:: Collected data ::
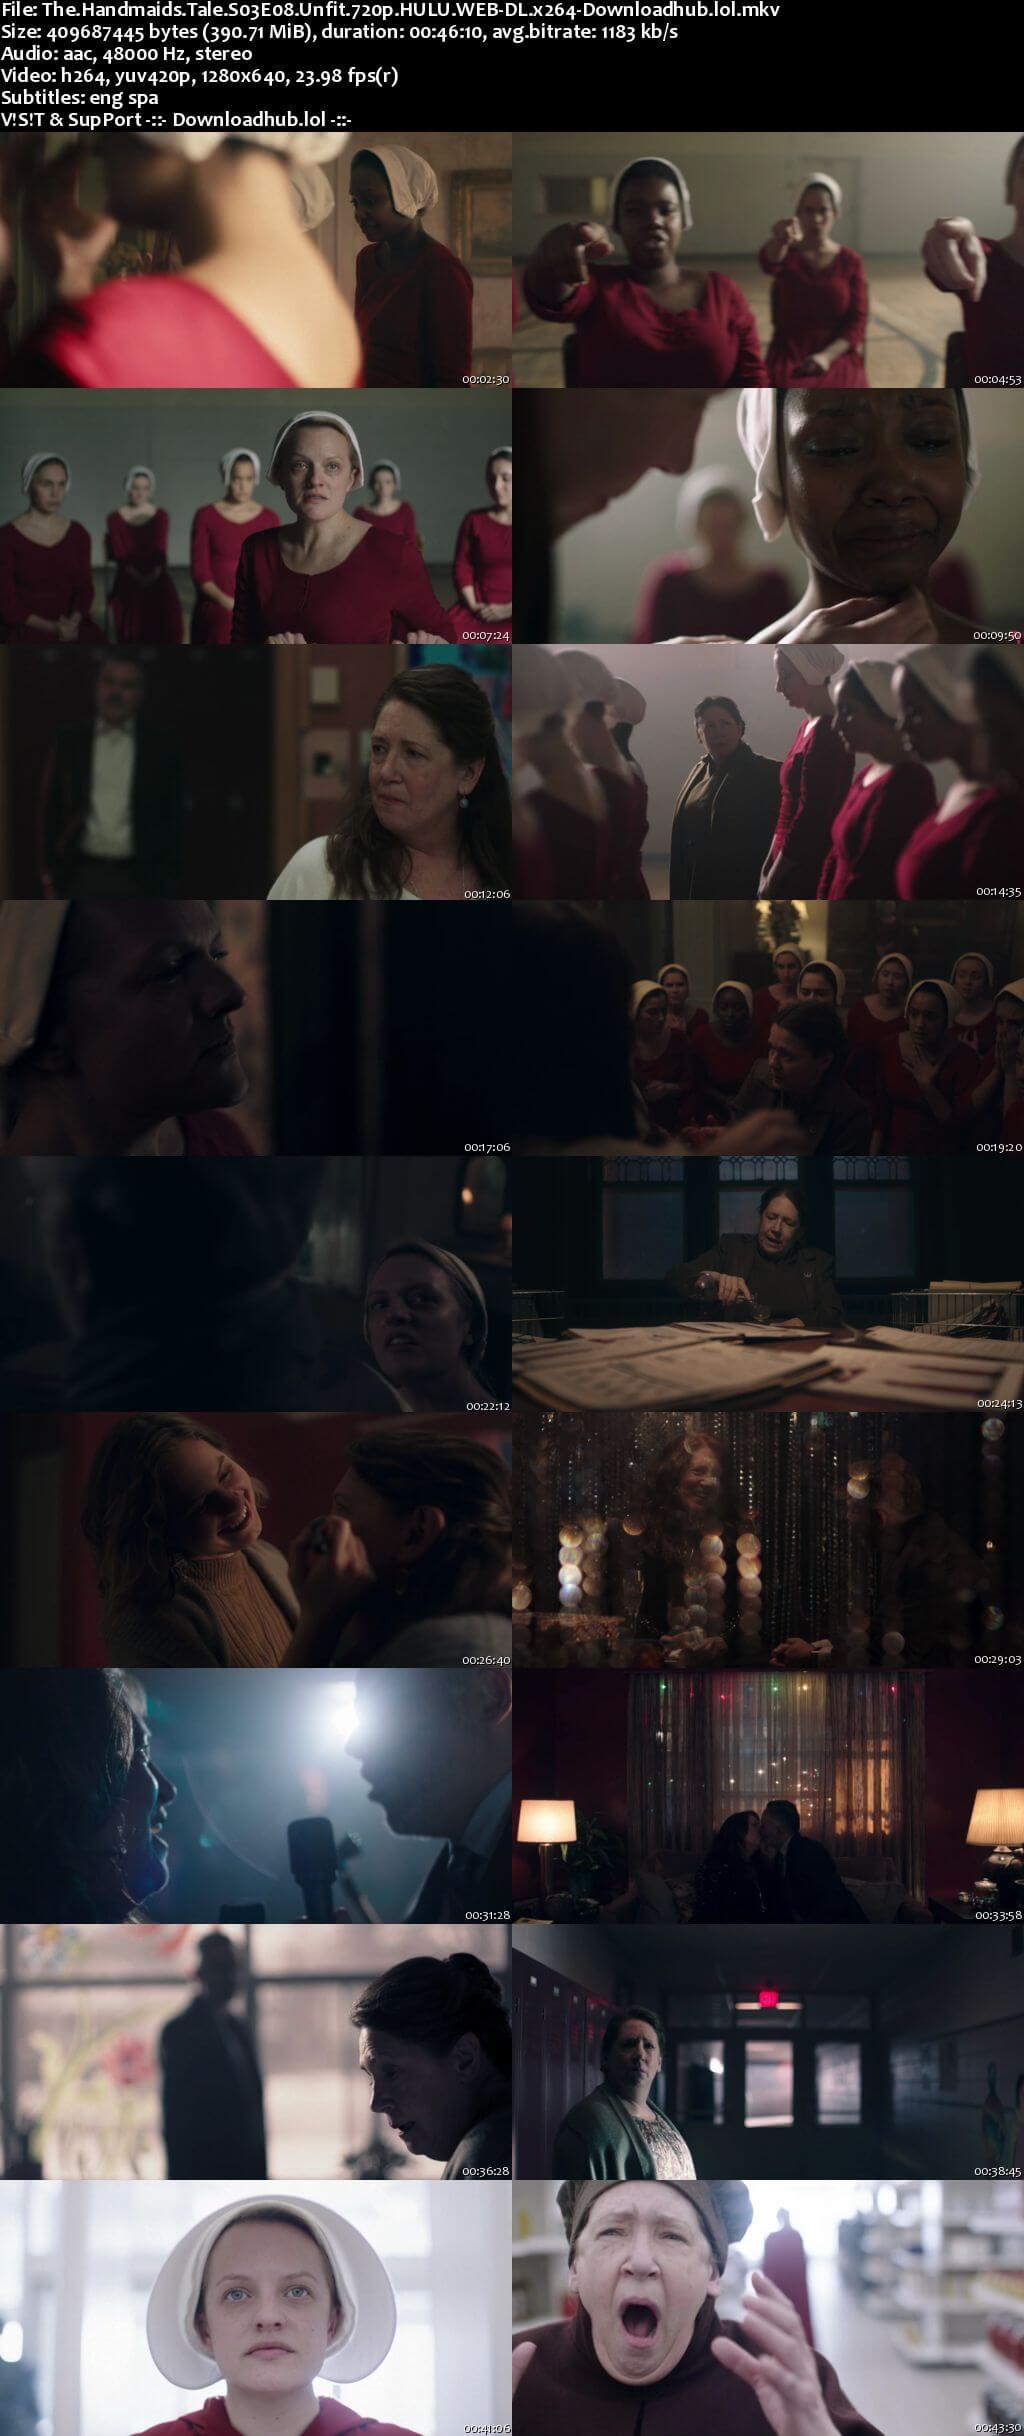 The Handmaids Tale Season 3 Episode 8 720p ESubs Download
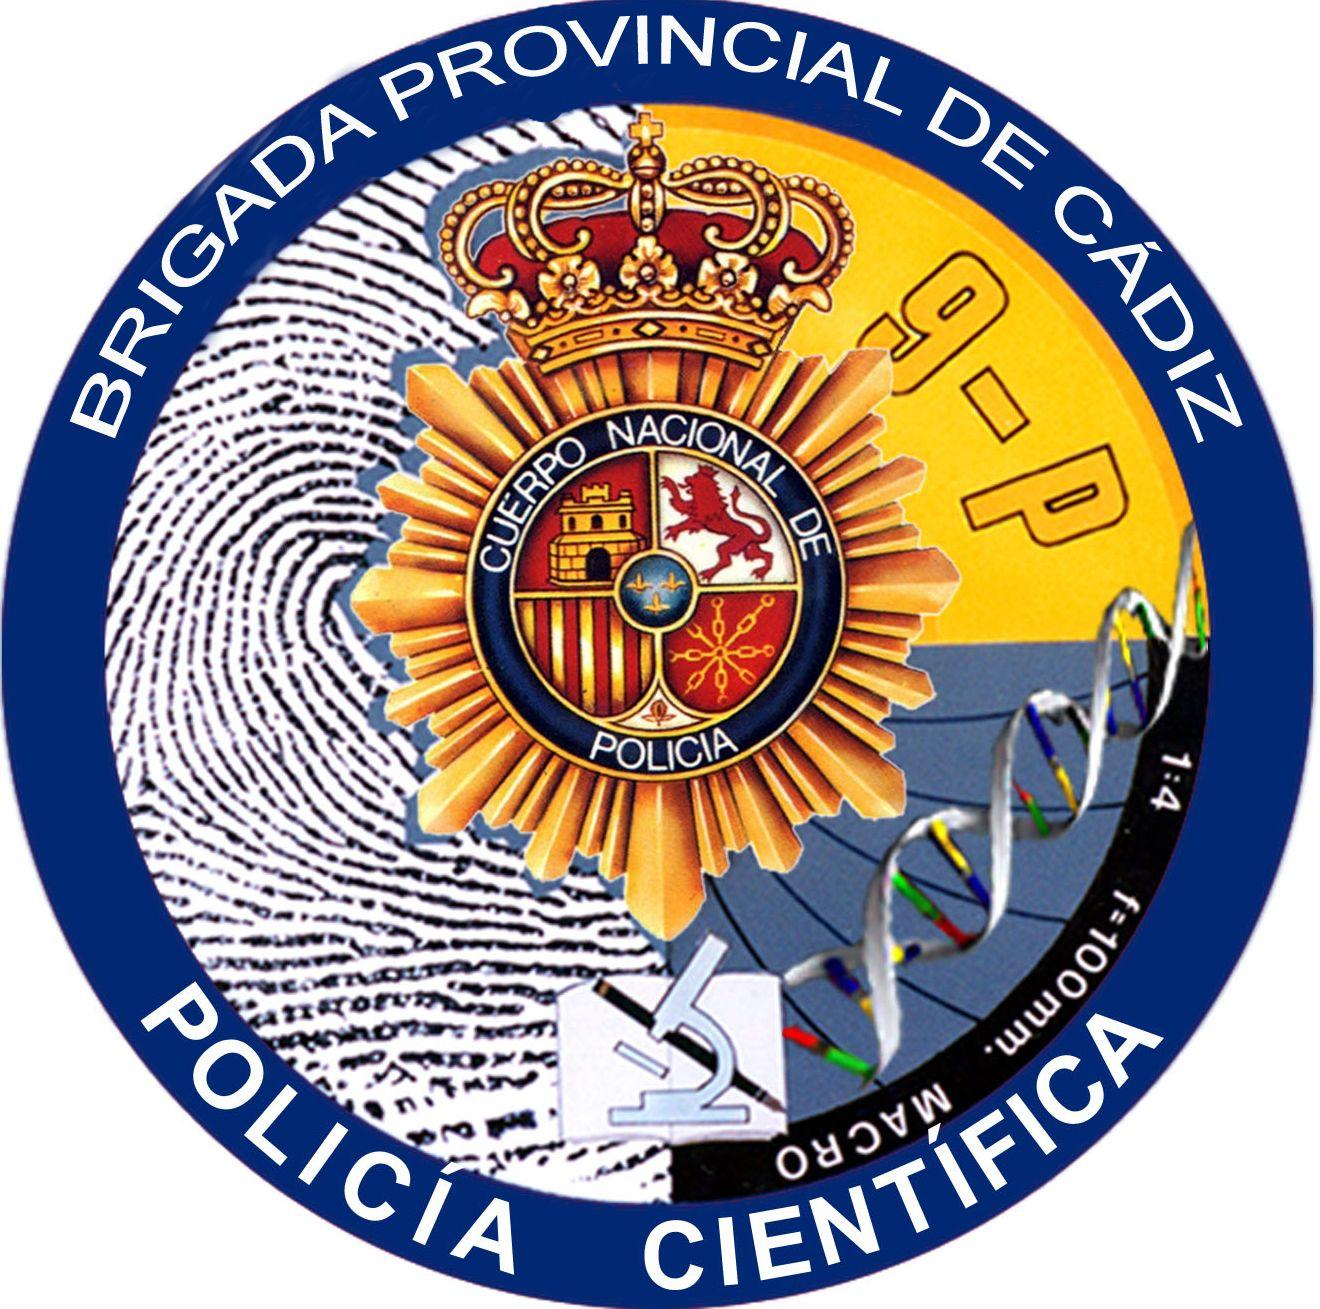 Polic a cient fica de la comisar a provincial de c diz - Policia nacional cadiz ...
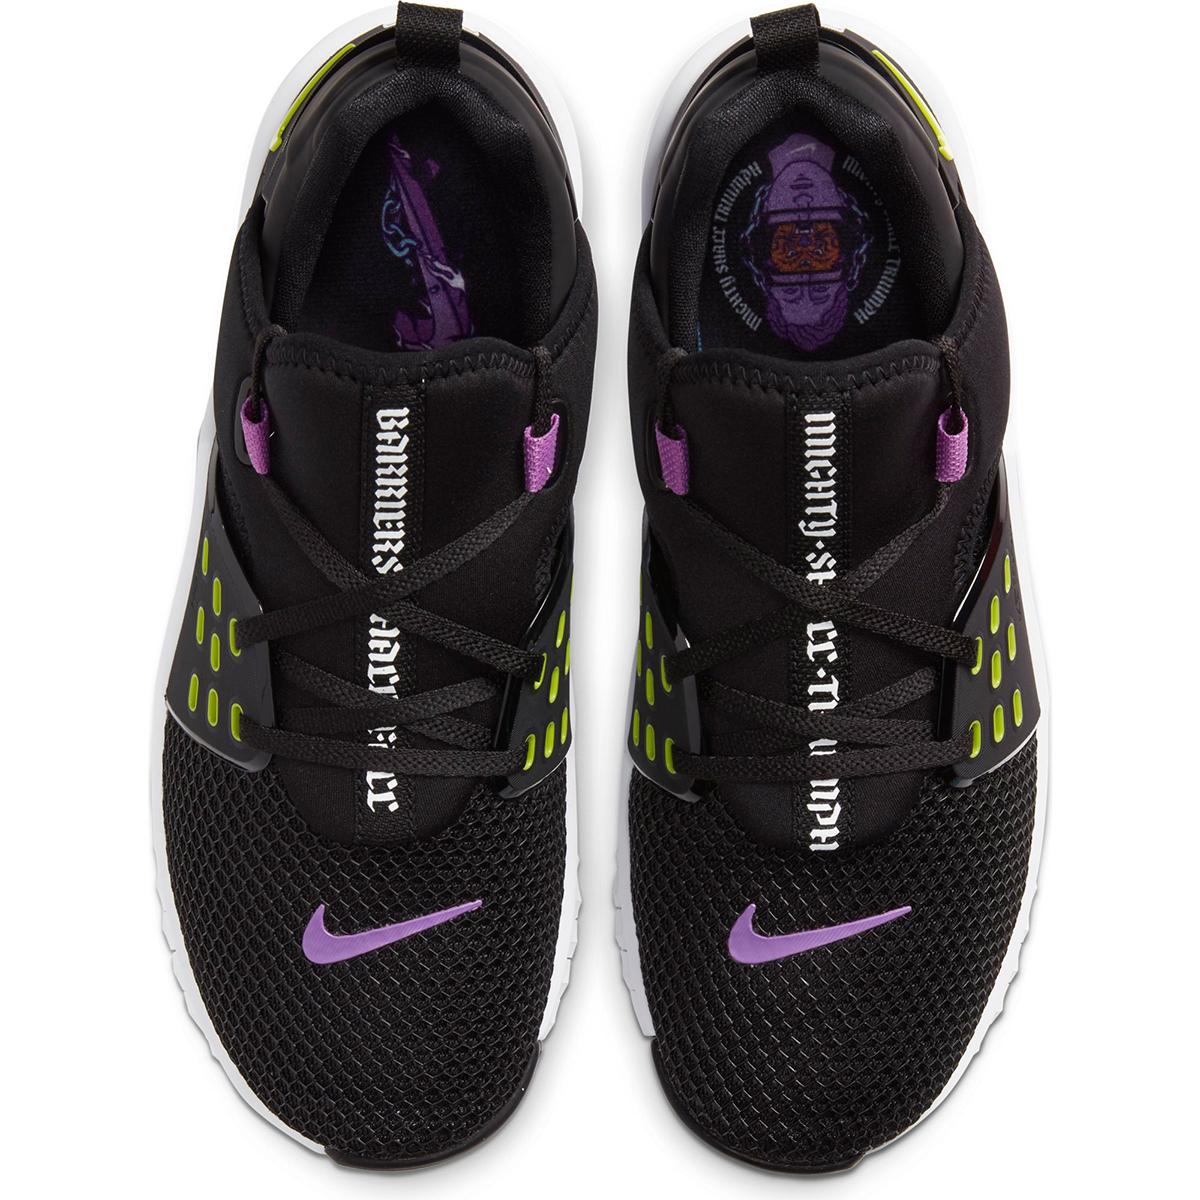 Men's Nike Free X Metcon 2 Training Shoes - Color: Black/Purple Nebula/White/Bright (Regular Width) - Size: 6, Black/Purple Nebula/White/Bright, large, image 3

:: What to produce ::
What's needed is a word-for-word retyping of the listing, minus its pictures.

:: Written solution ::
 The Handmaids Tale Season 3 Episode 8 720p ESubs Download
 Polic a cient fica de la comisar a provincial de c diz - Policia nacional cadiz ...
 Men's Nike Free X Metcon 2 Training Shoes - Color: Black/Purple Nebula/White/Bright (Regular Width) - Size: 6, Black/Purple Nebula/White/Bright, large, image 3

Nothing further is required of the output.